• **What is being asked**
Would you please set down, word for word, the lines from the one with "Bottles of homemade simple syrup for drinks" through the final line of the data below, omitting any pictures?

• **Recorded data**
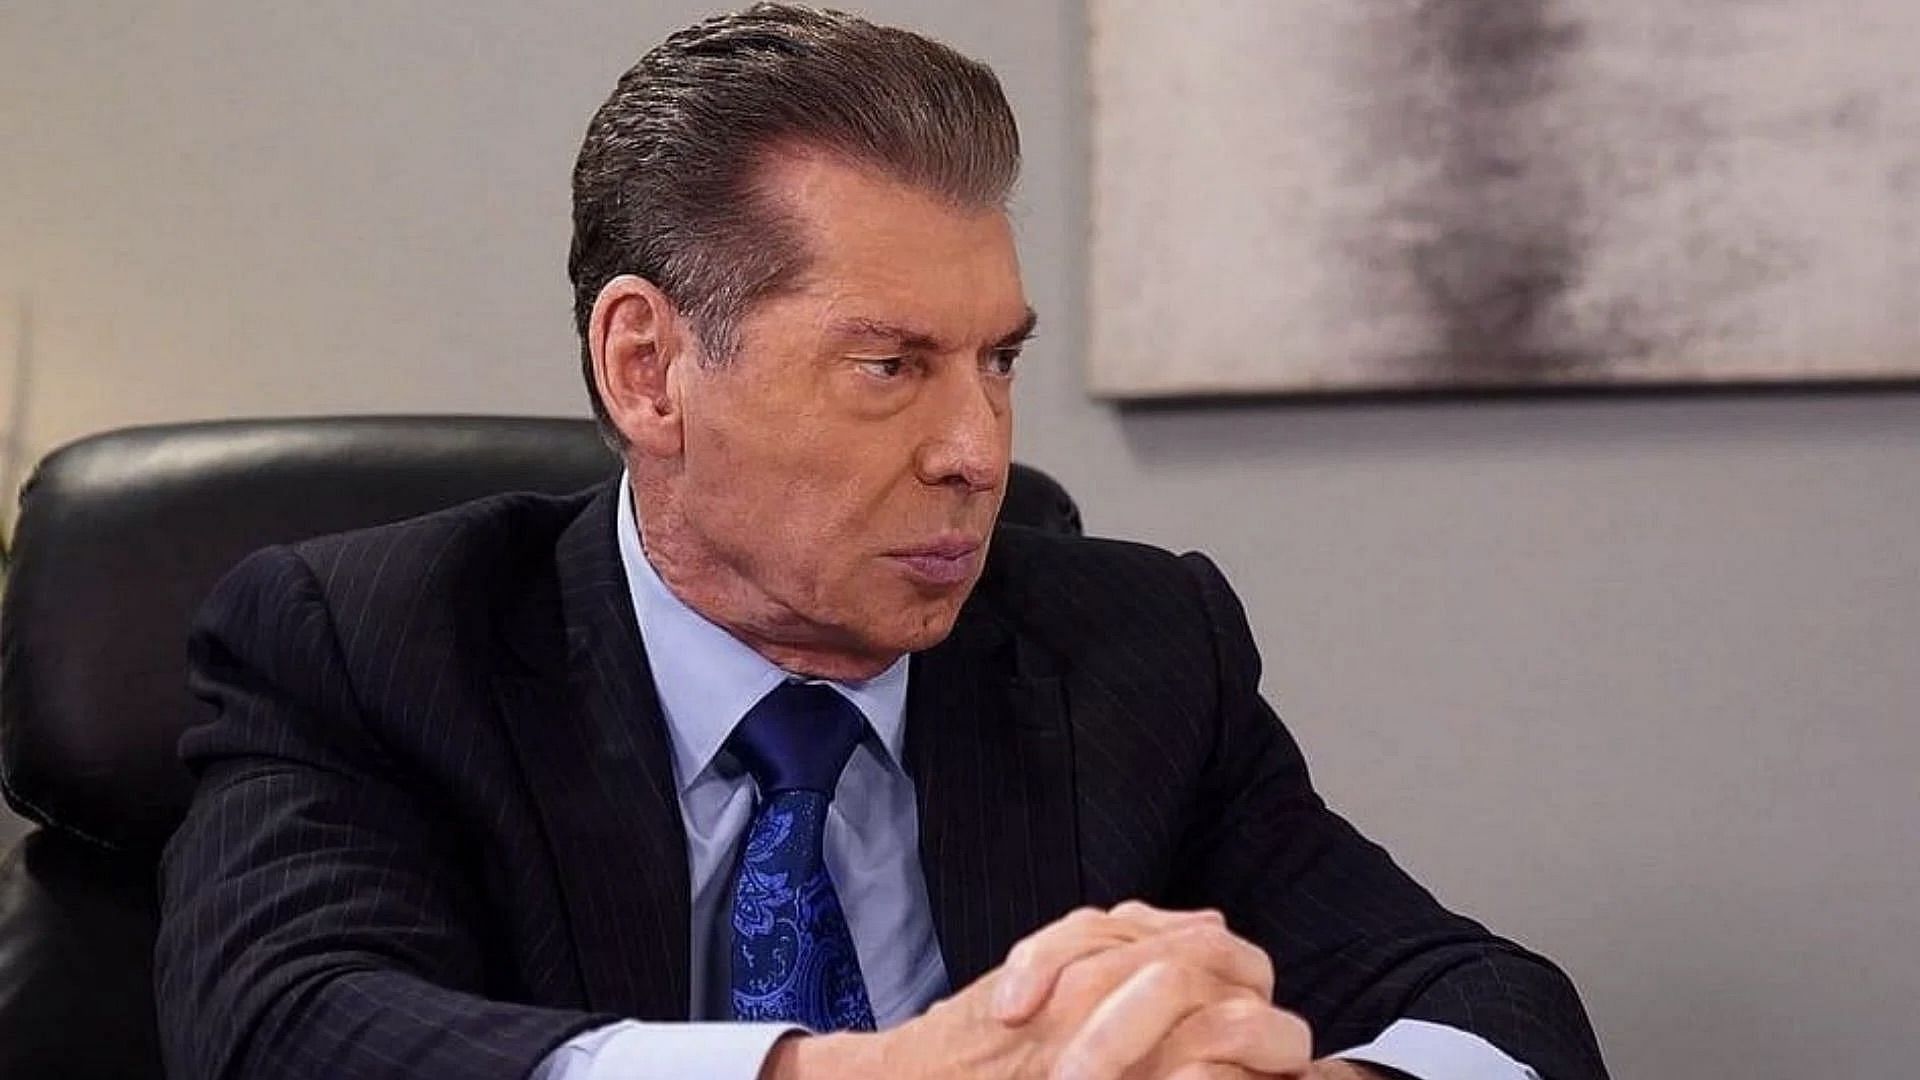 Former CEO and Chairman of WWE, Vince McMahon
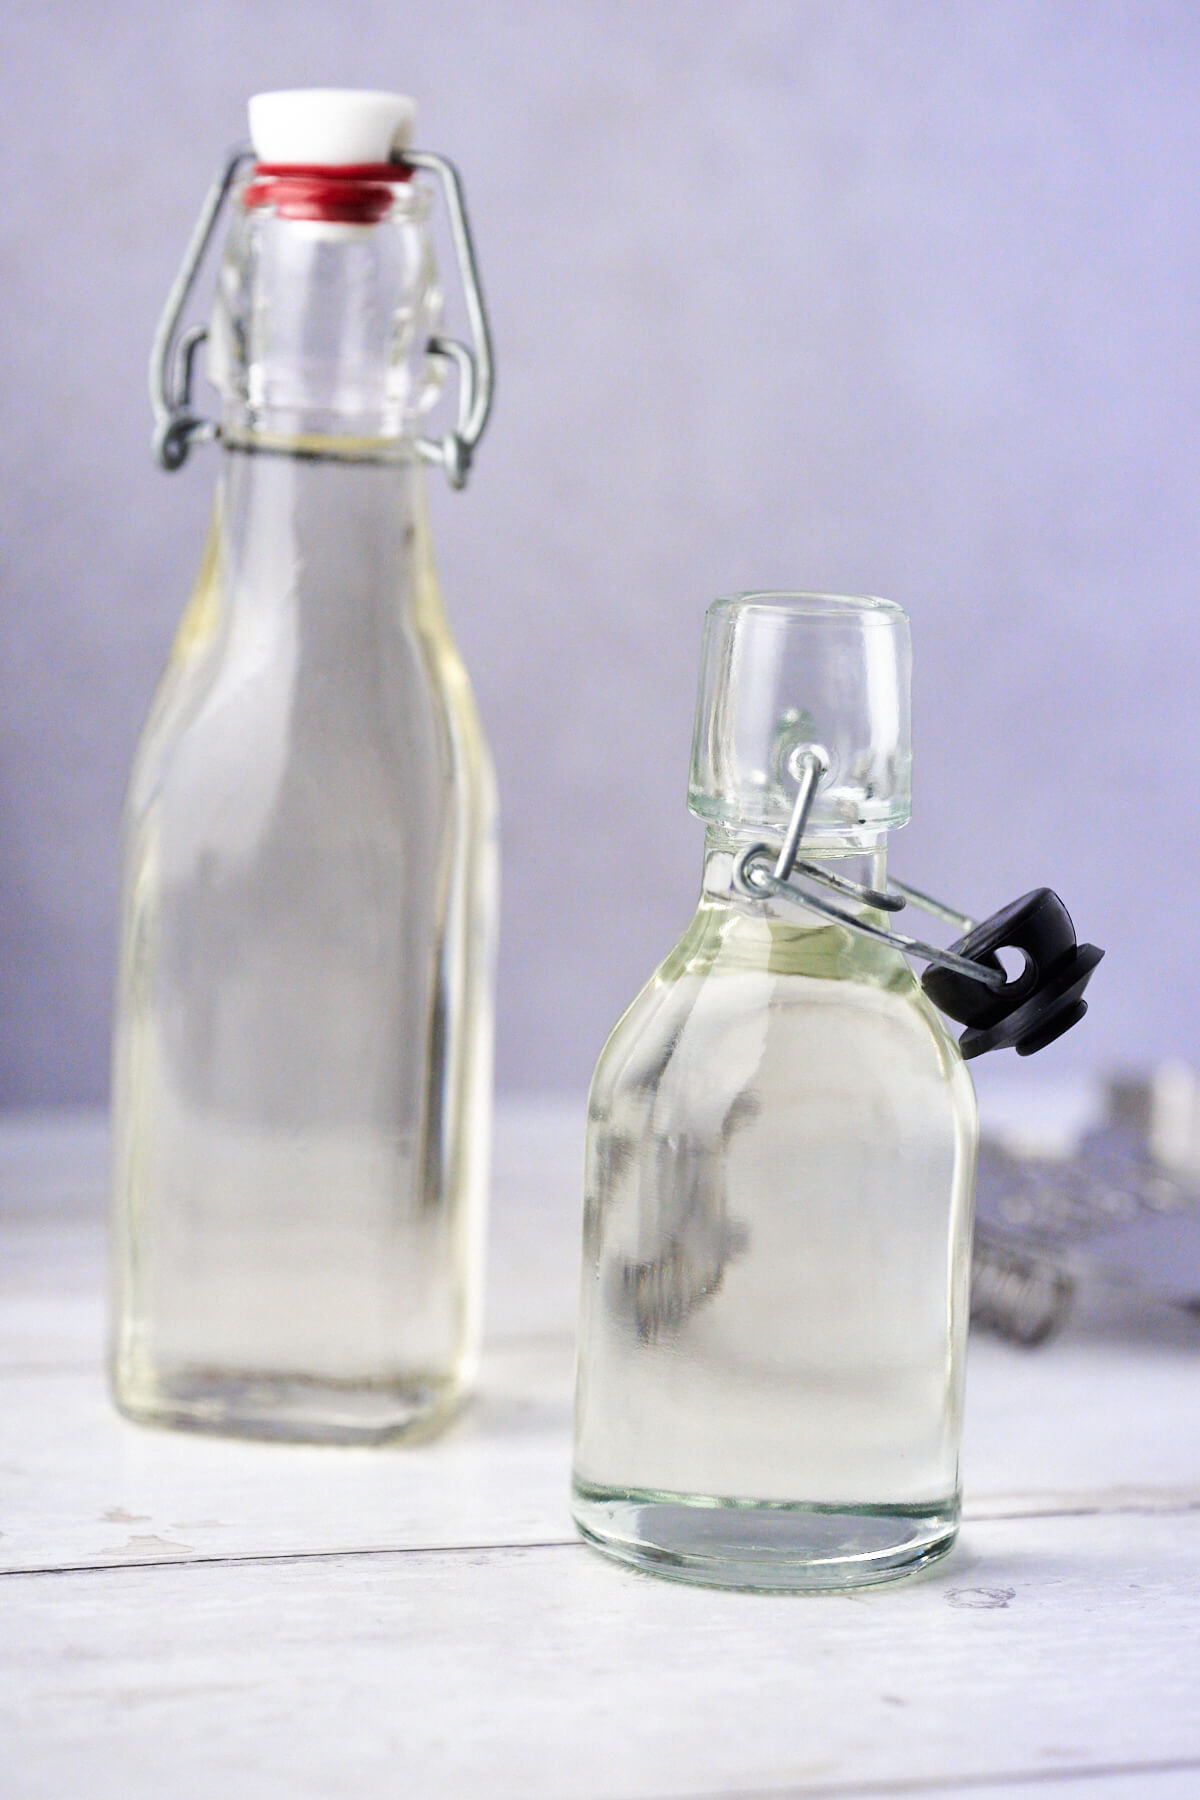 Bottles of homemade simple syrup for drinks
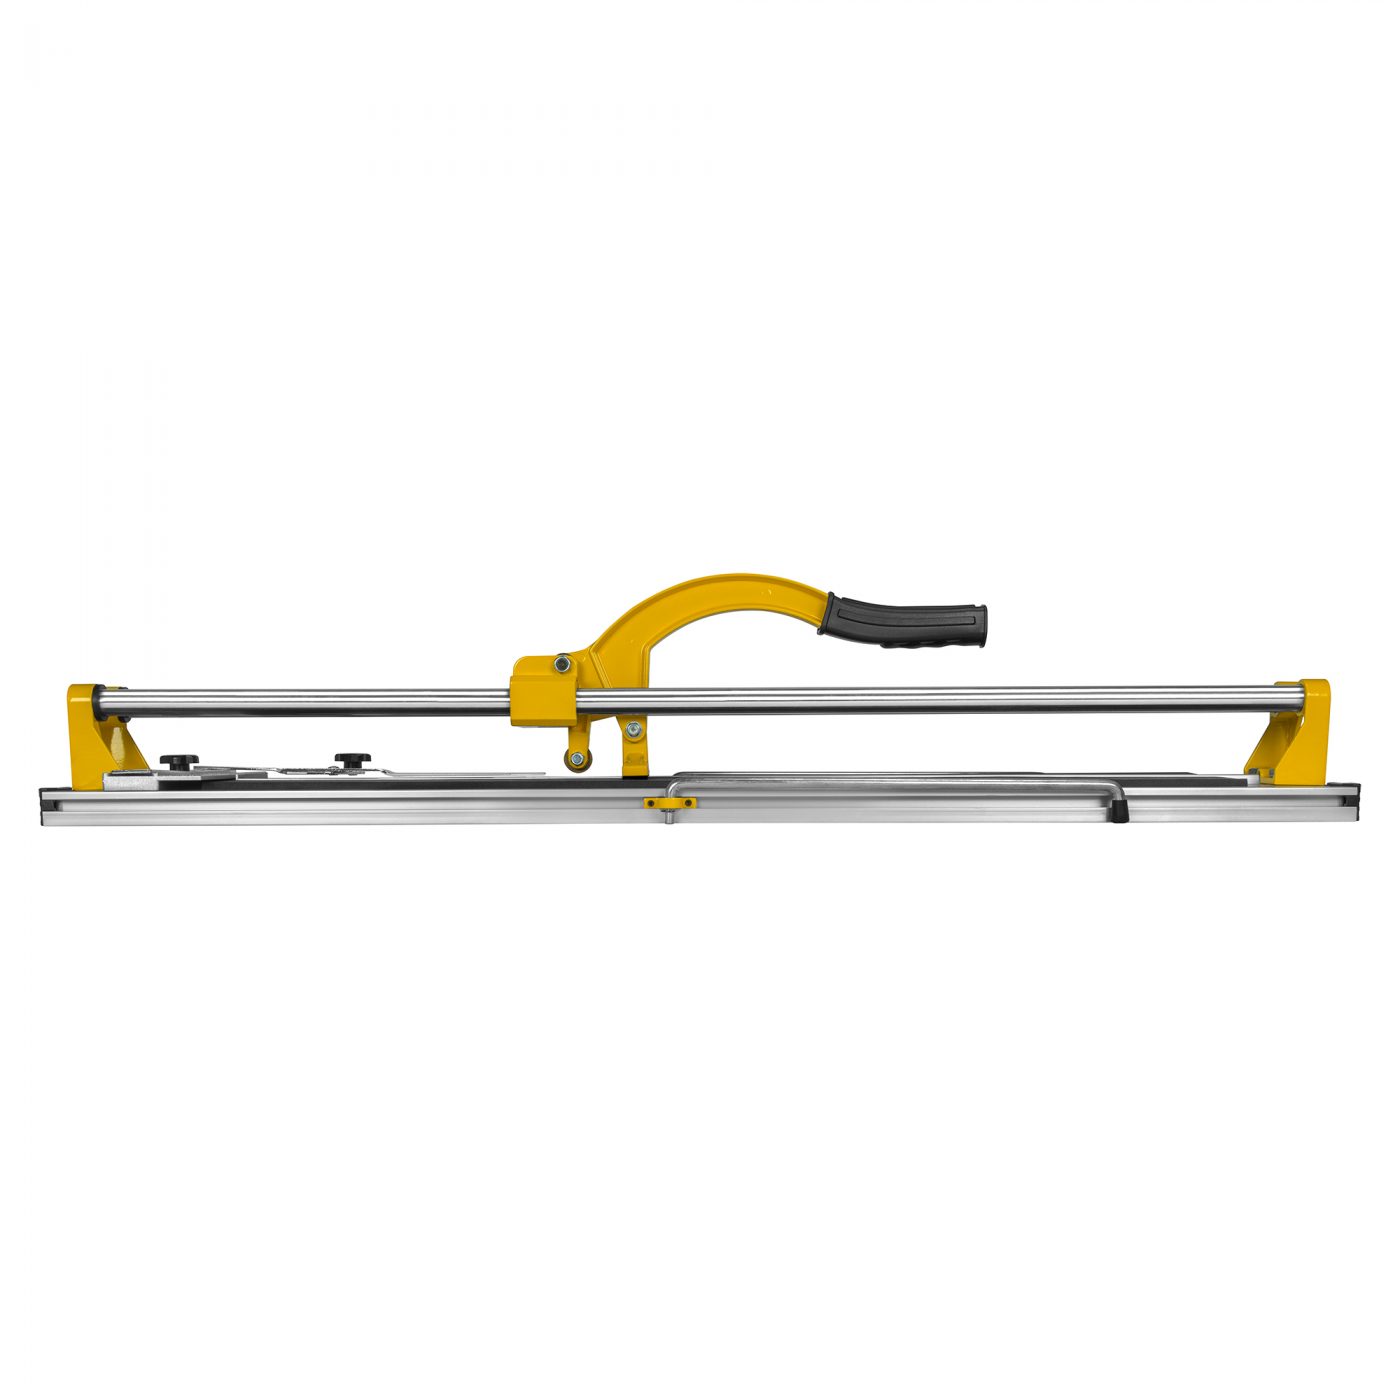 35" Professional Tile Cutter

• **Solved exercise**
 Bottles of homemade simple syrup for drinks
 35" Professional Tile Cutter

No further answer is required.